A3. Thank you for your comments. In the submitted version, we have discussed the limitation of SwapGT in the Appendix E. The potential limitation in SwapGT could be that SwapGT applies a uniform swapping probability $p$ to all tokens in the sequence which ignores the importance of different node tokens. A hierarchical probability swapping framework may be a better solution, where nodes within the top-k most relevant subset are assigned higher swapping probabilities, while others receive lower probabilities. This refinement could mitigate noise interference. In addition, your two suggestions are also valuable for discussing the limitation of SwapGT.

Based on the above content and your comments, we will update the discussions about the limitations of SwapGT in the revised version.

2025-08-03

I appreciate the authors' detailed response. However, the answers provided closely resemble the content presented in the paper and do not sufficiently address my concerns regarding the novelty and distinguishability of the proposed method. Consequently, I have decided to maintain my score.

2025-08-04

Thank you for your response. We have reorganized and summarized the distinctions between SwapGT and prior methods, including graph transformers (GTs) with global attention and tokenized GTs, as follows:

The core distinction between SwapGT and GTs with global attention lies in their input modalities: SwapGT takes sampled token sequences as input, such that it only computes attention scores between tokens within the input sequence. In contrast, GTs with global attention take the entire graph as input, requiring them to compute attention scores across all nodes. Computing attention scores within tokens in the input token sequence can naturally overcome the over-globalization issue in GTs with global attention.
The key distinction between SwapGT and prior tokenized GTs resides in their token generators. Prior methods employ a top- $k$ sampling strategy, which selects only a small subset of nodes to construct token sequences. SwapGT, by contrast, utilizes our proposed token swapping operation, which leverages semantic relevance between node tokens to include more node tokens with potential semantic relevance to generate diverse token sequences.
The core contribution of SwapGT is the development of a novel token swapping operation, which fully exploits relational information between node tokens to capture potentially relevant nodes beyond top- $k$ sampling and generate new token sequences, surpassing the capabilities of prior token generators.

We have endeavored to clarify the distinctions between SwapGT and prior methods, as well as the novelty of our approach.

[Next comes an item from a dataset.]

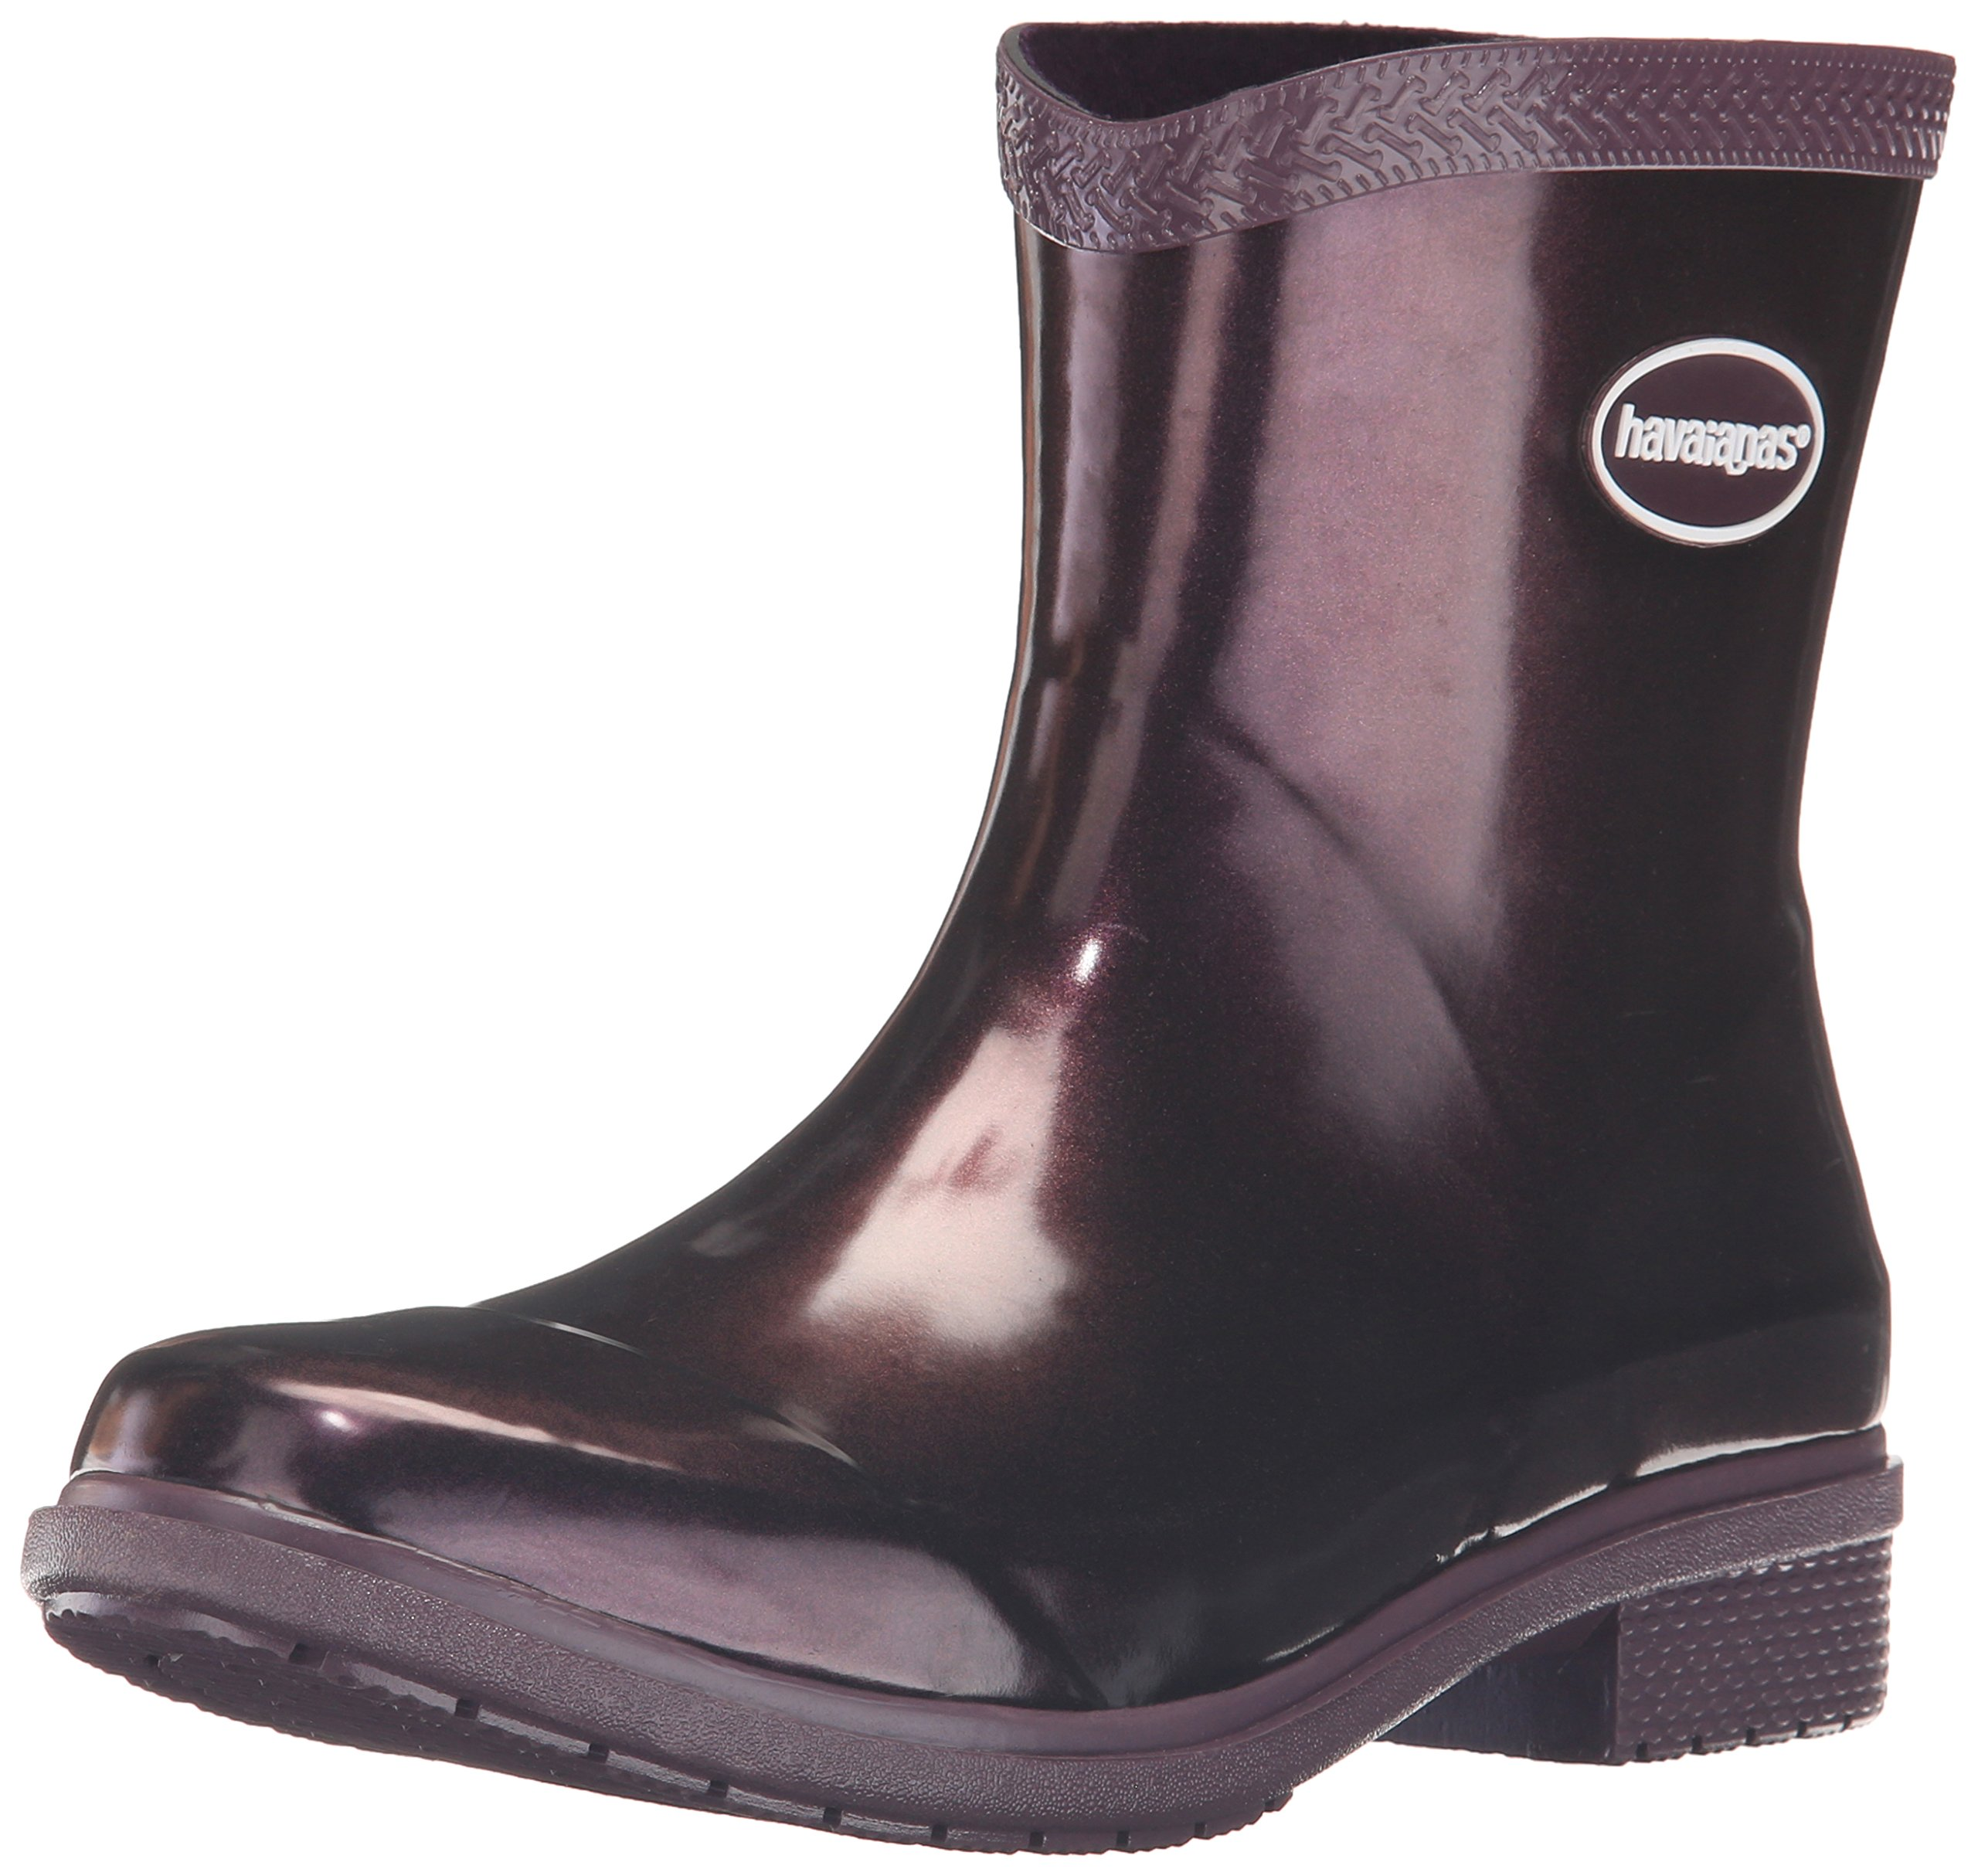 Havaianas Women's Galochas Low Metallic Rain Boots,Aubergine Metallic,35 BR/6 M US

If the above still fails to address your concerns regarding the novelty and distinctiveness of the proposed method, could you specify in detail the specific issues within the content that prevent it from addressing your concerns regarding innovation and distinguishability, as well as the specific details of your concerns in this regard? This would enable a more detailed and thorough discussion.

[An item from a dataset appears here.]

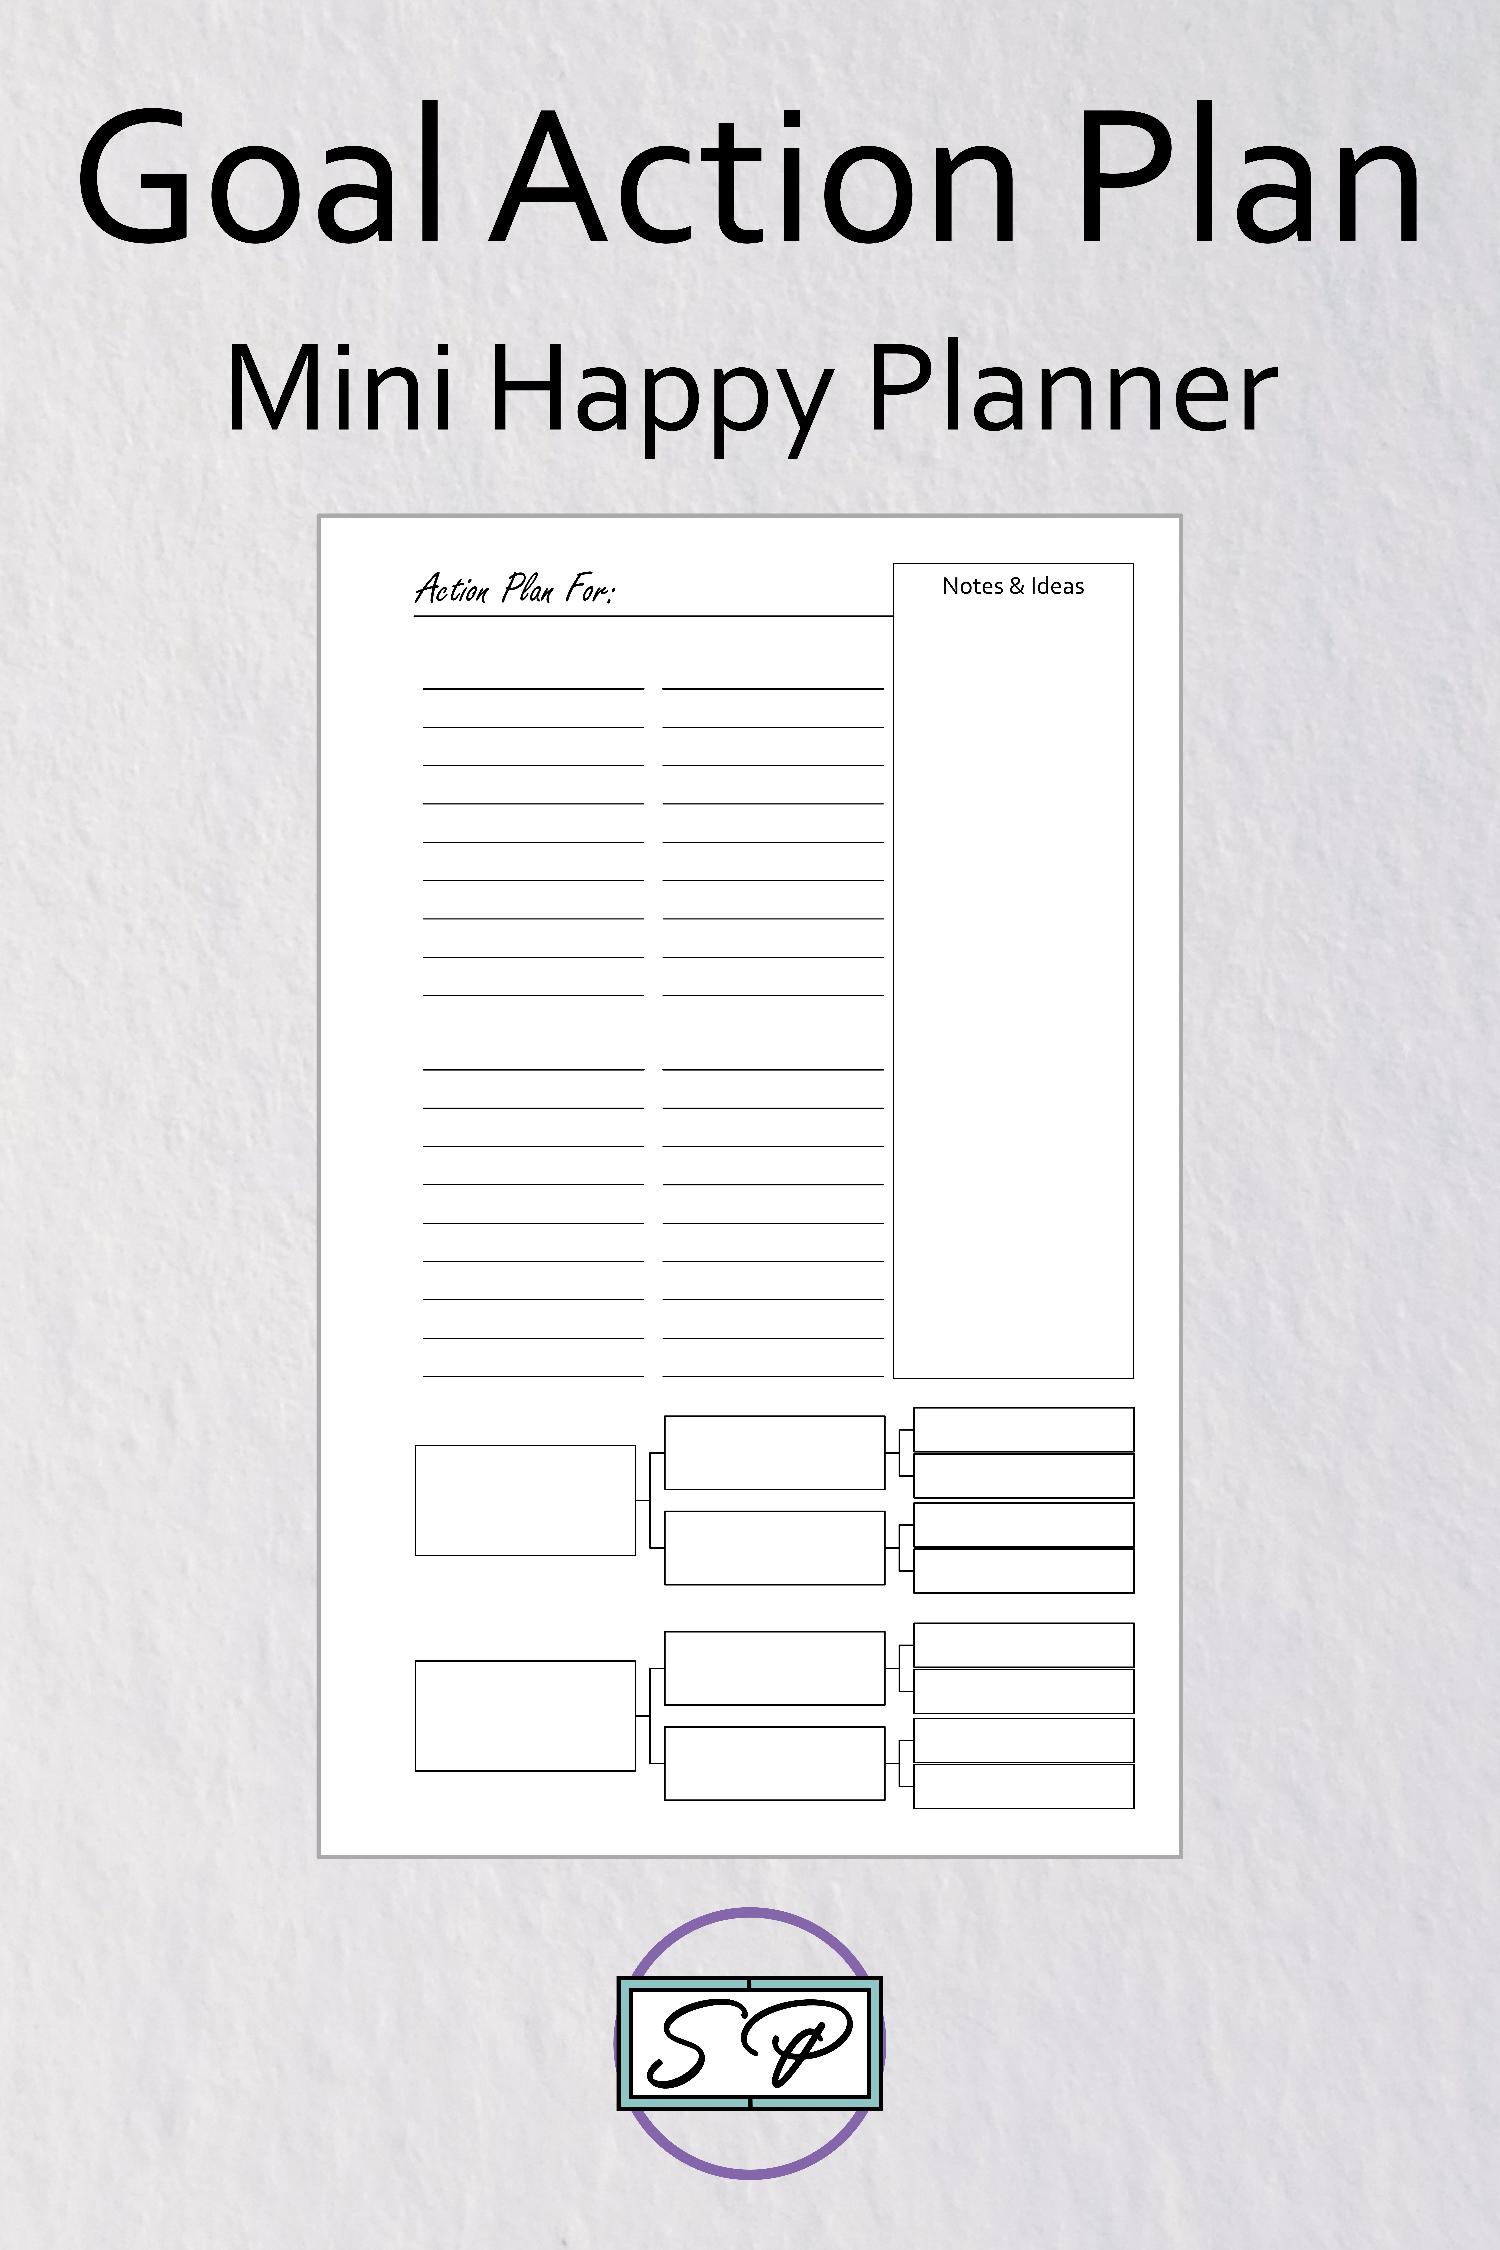 Goal Setting Action Plan Insert Mini Happy Planner Size

Thank you again for your attention.

2025-08-05

Thank you for your detailed explanation. I understand the differences between the proposed token swap strategy and other token fixing strategies. However, the proposed strategy appears to be a lightweight version of graph transformers (GTs) with global attention, which attends to $k$ -hop neighbors with controllable probabilities. It lacks a substantial theoretical improvement compared to GTs that utilize $1$ -hop neighbors and those with global attention. Therefore, I believe a borderline rejec is an appropriate assessment.

2025-08-05

First, we would like to clarify that in the node classification task, tokenized GTs [1,2,3,4] and GTs with global attention [5,6,7,8] are two distinct categories of methods. GTs with global attention require designing graph structure biases or incorporating GNN-like models because Transformer cannot preserve graph structural information via the original global attention. In contrast, tokenized GTs only need to design different token generators and can effectively learn node representations from input token sequences using standard Transformers. Thus, these are two separate types of methods.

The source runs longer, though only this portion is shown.